**What the exercise asks**
Nothing but the lines from the one with "Dexter Comfort Leather Shoes" down to the one with "Design Tapete mit" should be returned, exactly and with both ends included, from the material below.

=== Dataset excerpts ===

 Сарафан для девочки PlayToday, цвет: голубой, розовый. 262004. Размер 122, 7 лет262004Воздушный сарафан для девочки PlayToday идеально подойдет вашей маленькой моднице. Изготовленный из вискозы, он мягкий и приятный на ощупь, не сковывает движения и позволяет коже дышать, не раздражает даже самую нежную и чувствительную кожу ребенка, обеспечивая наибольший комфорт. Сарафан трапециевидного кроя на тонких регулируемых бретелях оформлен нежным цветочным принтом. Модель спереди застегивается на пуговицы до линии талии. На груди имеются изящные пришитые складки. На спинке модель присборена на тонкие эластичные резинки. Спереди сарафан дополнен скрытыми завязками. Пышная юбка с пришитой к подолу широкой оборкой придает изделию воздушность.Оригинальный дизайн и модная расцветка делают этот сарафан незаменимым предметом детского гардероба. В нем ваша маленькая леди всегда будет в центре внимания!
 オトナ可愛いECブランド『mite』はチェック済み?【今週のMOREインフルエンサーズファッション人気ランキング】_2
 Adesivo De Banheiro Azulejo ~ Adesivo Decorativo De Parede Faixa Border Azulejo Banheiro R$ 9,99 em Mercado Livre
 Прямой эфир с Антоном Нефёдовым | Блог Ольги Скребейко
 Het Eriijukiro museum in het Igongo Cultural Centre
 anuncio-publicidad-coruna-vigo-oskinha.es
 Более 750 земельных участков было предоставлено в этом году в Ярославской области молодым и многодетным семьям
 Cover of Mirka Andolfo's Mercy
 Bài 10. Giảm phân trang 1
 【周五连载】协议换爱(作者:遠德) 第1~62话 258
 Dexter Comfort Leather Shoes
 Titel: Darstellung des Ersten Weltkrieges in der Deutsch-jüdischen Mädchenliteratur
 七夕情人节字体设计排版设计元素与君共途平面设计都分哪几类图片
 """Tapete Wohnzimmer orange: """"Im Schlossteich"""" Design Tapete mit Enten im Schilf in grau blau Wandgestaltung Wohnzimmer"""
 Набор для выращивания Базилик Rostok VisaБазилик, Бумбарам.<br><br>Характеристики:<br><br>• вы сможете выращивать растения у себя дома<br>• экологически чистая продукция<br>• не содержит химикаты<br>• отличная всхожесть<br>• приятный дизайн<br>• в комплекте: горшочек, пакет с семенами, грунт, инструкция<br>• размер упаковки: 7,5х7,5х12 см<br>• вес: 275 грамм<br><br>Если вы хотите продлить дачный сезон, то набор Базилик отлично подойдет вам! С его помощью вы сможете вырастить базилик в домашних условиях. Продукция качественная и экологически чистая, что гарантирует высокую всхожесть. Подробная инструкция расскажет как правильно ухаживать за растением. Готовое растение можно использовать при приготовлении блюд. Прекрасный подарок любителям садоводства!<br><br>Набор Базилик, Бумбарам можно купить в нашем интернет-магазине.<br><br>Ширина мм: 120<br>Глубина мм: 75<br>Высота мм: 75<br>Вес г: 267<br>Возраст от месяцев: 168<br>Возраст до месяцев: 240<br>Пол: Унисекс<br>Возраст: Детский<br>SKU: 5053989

===

**Written response**
 Dexter Comfort Leather Shoes
 Titel: Darstellung des Ersten Weltkrieges in der Deutsch-jüdischen Mädchenliteratur
 七夕情人节字体设计排版设计元素与君共途平面设计都分哪几类图片
 """Tapete Wohnzimmer orange: """"Im Schlossteich"""" Design Tapete mit Enten im Schilf in grau blau Wandgestaltung Wohnzimmer"""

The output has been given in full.